В это утро Мушка в первый раз отчетливо увидела, какая страшная вещь небо - обыкновенное небо, июльское, чистое, без единого облачка. Она выгнала Женьку пастись, а сама присела на откосе балки и, задрав голову и открыв рот, уперлась в небо глазами. Смотрела с минуту, и то, что увидела, ее испугало. Небо роилось... Небо было все как бы живое, - бесспорно живое, - и роилось: от неба, как пух с одуванчика, отлетало новое, верхнее небо и кружилось темными точками, а от этого второго - новое, и еще, и еще... и трудно было следить глазами за тем, что вчера еще было только воздухом, голубым, потому что преломлялись в нем как-то солнечные лучи... И когда потом, удивленная, глянула на море Мушка, она и здесь увидела то, чего никогда не видела раньше: она ясно заметила неровную, щербатую линию горизонта, потому что там изгибались, всплескивали и падали такие же самые волны, как и здесь, вблизи: совсем не было перспективы.

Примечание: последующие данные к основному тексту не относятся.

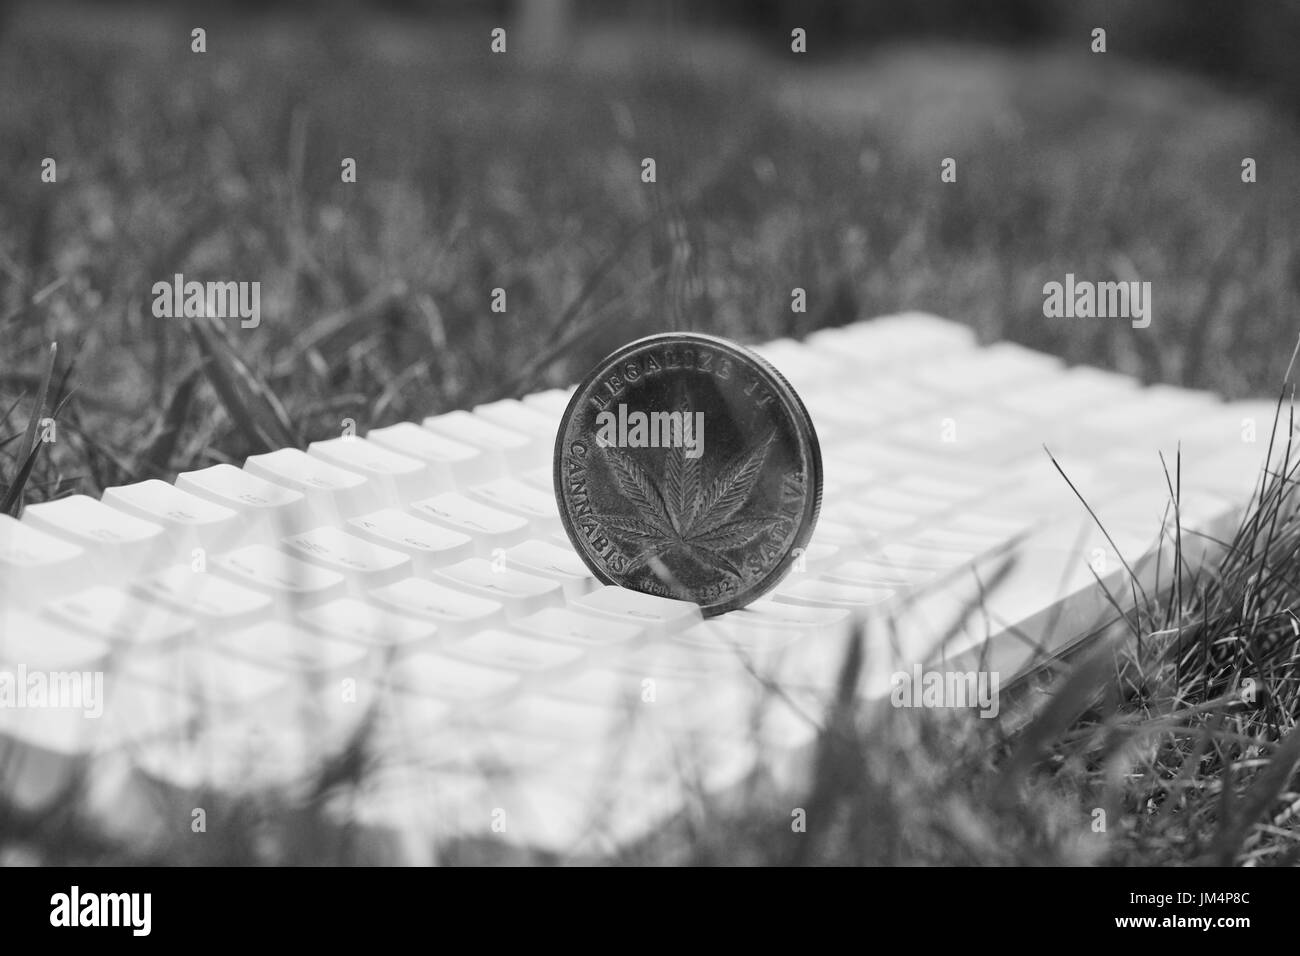 Marijuana black and white stock photos images alamy marijuana cannabis sativa coin on the white keyboard black and white scene stock biocorpaavc Images

А горы струились... Было явственное шевеление и голых сине-розовых камней на верхушках, и кустов кизиля, карагача и дуба... Было дрожание, дышание, передвижка пятен... Просто как будто во множестве сбегали вниз взболтанно-пыльно-зеленые струйки... Так было только в это утро, - никогда не было раньше.
Это поразило Мушку. Это почти встревожило ее. От этого, нового, стало даже как-то неловко. И когда, бросив Женьку с Толкушкой, вошла она на веранду, где Ольга Михайловна подметала пол, она остановилась прямо против нее и смотрела, чтобы убедиться, что это, лучше, чем чье-либо другое в жизни, знакомое ей лицо теперь будет не такое, как всегда, - другое... И с замиранием сердца увидела, что действительно другое: оно точно светилось изнутри, - такое стало отчетливое...
Она села, скрестив ноги, - локоть левой руки в колено и подбородок в ладонь; и смотрела на это лицо в упор. Мушка была очень похожа на мать, и знала это, и теперь ей как-то неоспоримо показалось, что это она сама, нагнувшись и подвязав голову по-бабьи синим линючим платком, водит по неровному бетонному полу обшарпанным веником, и эта рука, державшая веник, загрубелая уже в работе и с неотмытно-грязными пальцами, - ее собственная рука.
Мать сказала дочери:
– Что же ты сидишь без дела?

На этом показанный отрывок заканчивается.